His pacifist stance and passiveness in close defeat, which long ago became tiresome to many, seemed particularly eccentric this time. He was hardly passive in the ring, though, as he stayed with Ellis in a tough, cruel fight that saw the WBA champion come fearfully apart. The nose was fractured in the second round, and it streamed blood until the end. Ellis also damaged his left thumb in that round and took a nasty gash over his right eye (six or seven stitches) when Floyd caught him with another jab after the one to the nose.

Unquestionably, the nose distracted Ellis and hurt his fight, but Patterson's effort cannot be underrated. If you believe that Ellis won (the referee, Harold Valan, the only official, scored it 9-6 but many newsmen had it exactly opposite), he most certainly won it in the 15th and final round. The fight appeared even until that point, but then Ellis, sensing his dangerous position, the screams from his corner piercing his ego, finally stepped out and did what he was supposed to do, did what he is capable of.
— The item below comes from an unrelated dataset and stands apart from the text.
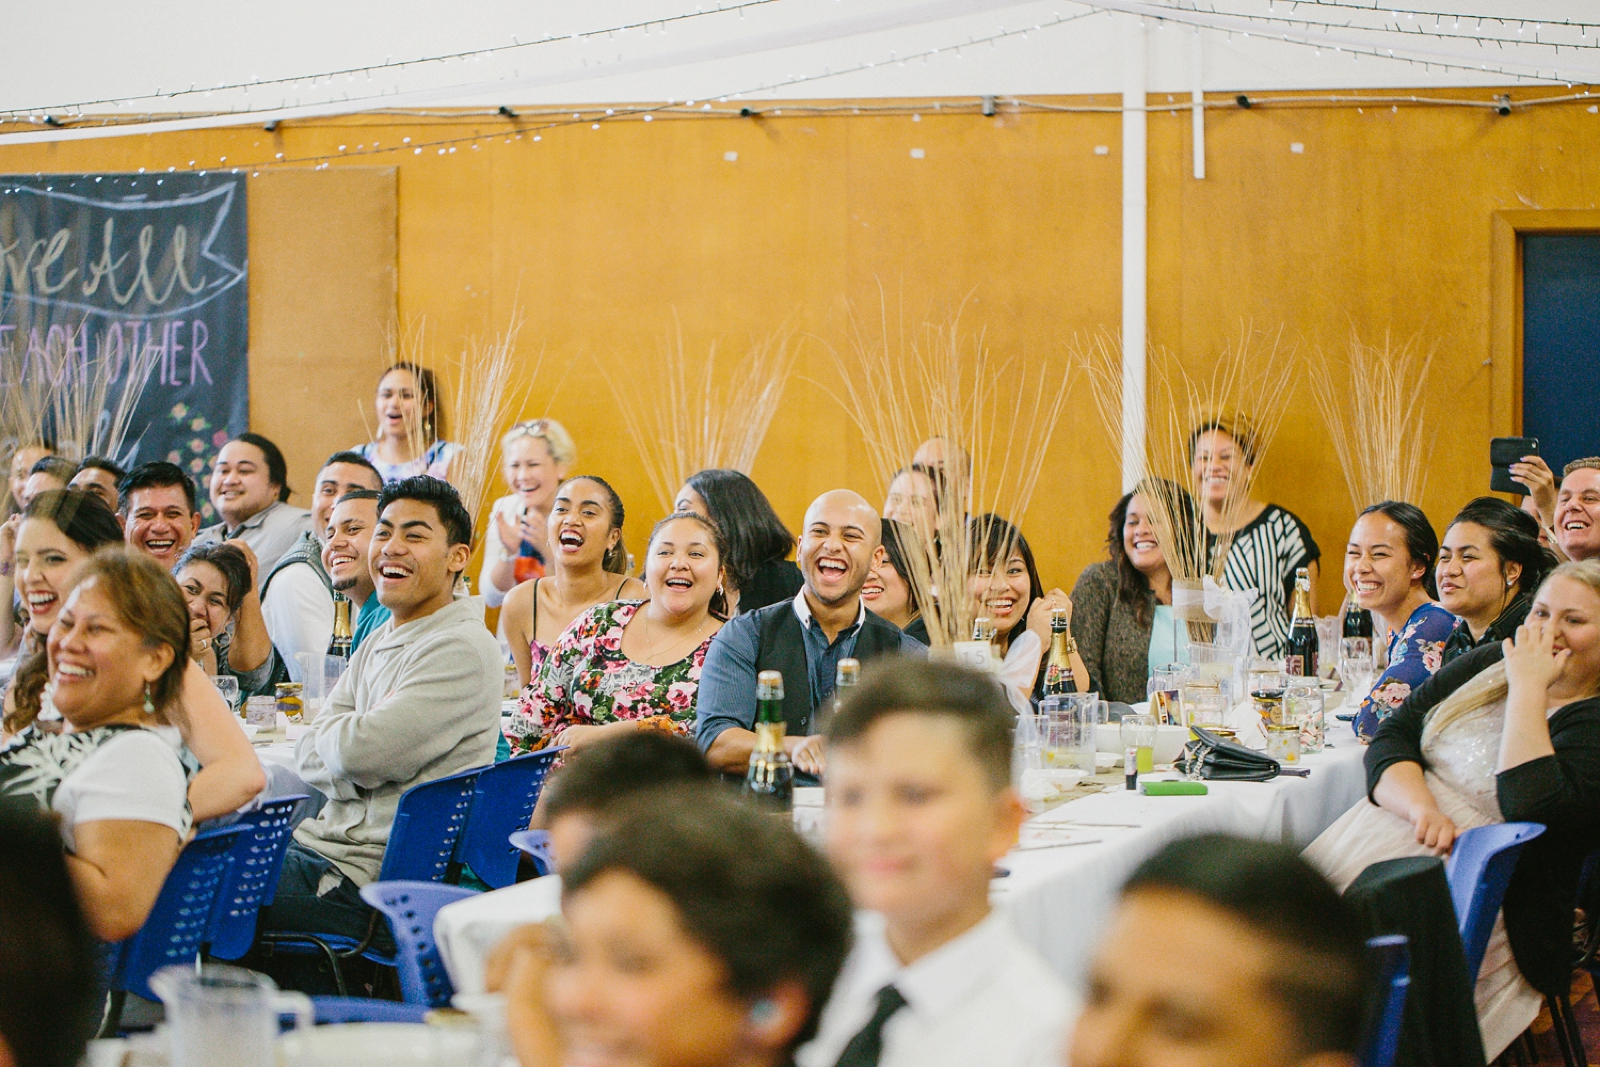 GabbyFiti_Auckland Wedding Photographer_Patty Lagera_0092.jpg

He had fought a long, hard fight but he reached back for what was left in his hurt body and laid it all on Floyd. He dug a left into Floyd's liver and stayed right on him and in the middle of the round he caught him with a pair of whistling right hands, and Patterson was on his way out. Patterson's eyes stared out blankly now, pain masking his face, but Ellis could not finish him.
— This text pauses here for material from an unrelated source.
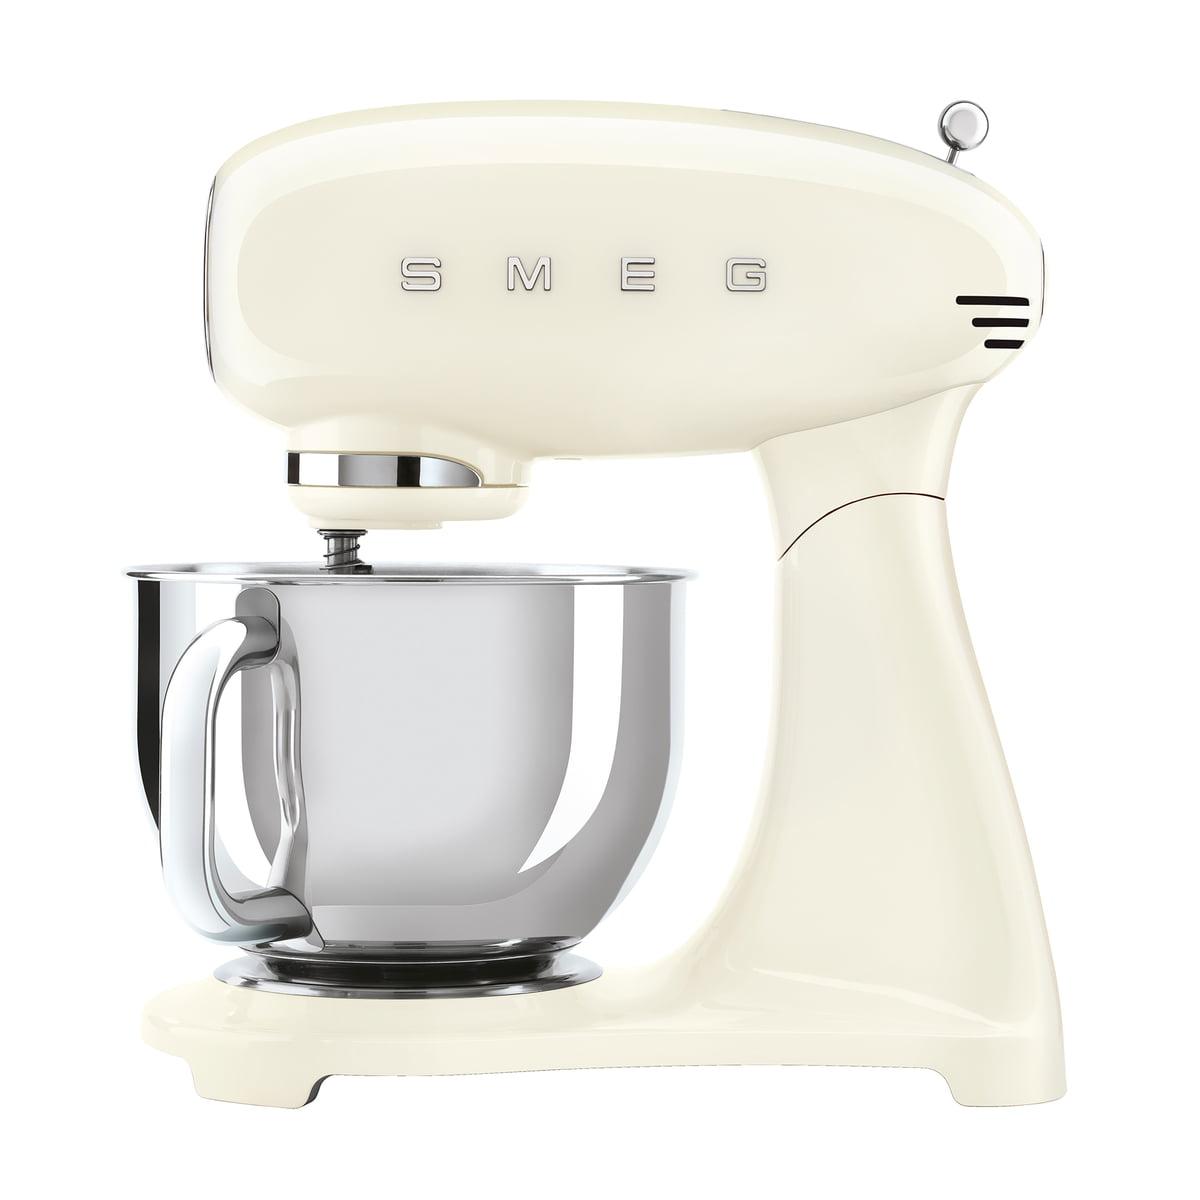 SMEG - Küchenmaschine SMF03, creme

Patterson was in serious trouble other times early in the fight, once in the third round from a left hook and a right hand in close and then again in the fifth from two right hands, one high on the head that seemed to freeze him in midair. Yet he escaped what he calls "the black spot," that one flashing moment of instant darkness that has haunted him throughout his career, usually early in a fight, when he seems to be most vulnerable. Over the years he has been knocked down 22 times, eight times by Johansson alone.

The fact that Ellis did not knock Patterson out or even down does not necessarily reveal any inability to punch. Twice after catching Patterson, Ellis appeared to hold him up, refusing to let him drop. A number of things combined to make this fight close. First, Ellis, by his own admission, had underestimated Patterson. Second, Ellis, though he looked extremely sharp in the gym, was constantly worried about his weight, so much so that he did nothing the final two days but sit around eating "like a pig." He weighed in at 198 pounds, much too heavy for his style of fighting. Third, Ellis concentrated entirely too much on his right hand, and too often failed to put punches together. Fourth, Patterson made some rounds look quite close by volleying, with some of his old notable hand speed, in the last minute.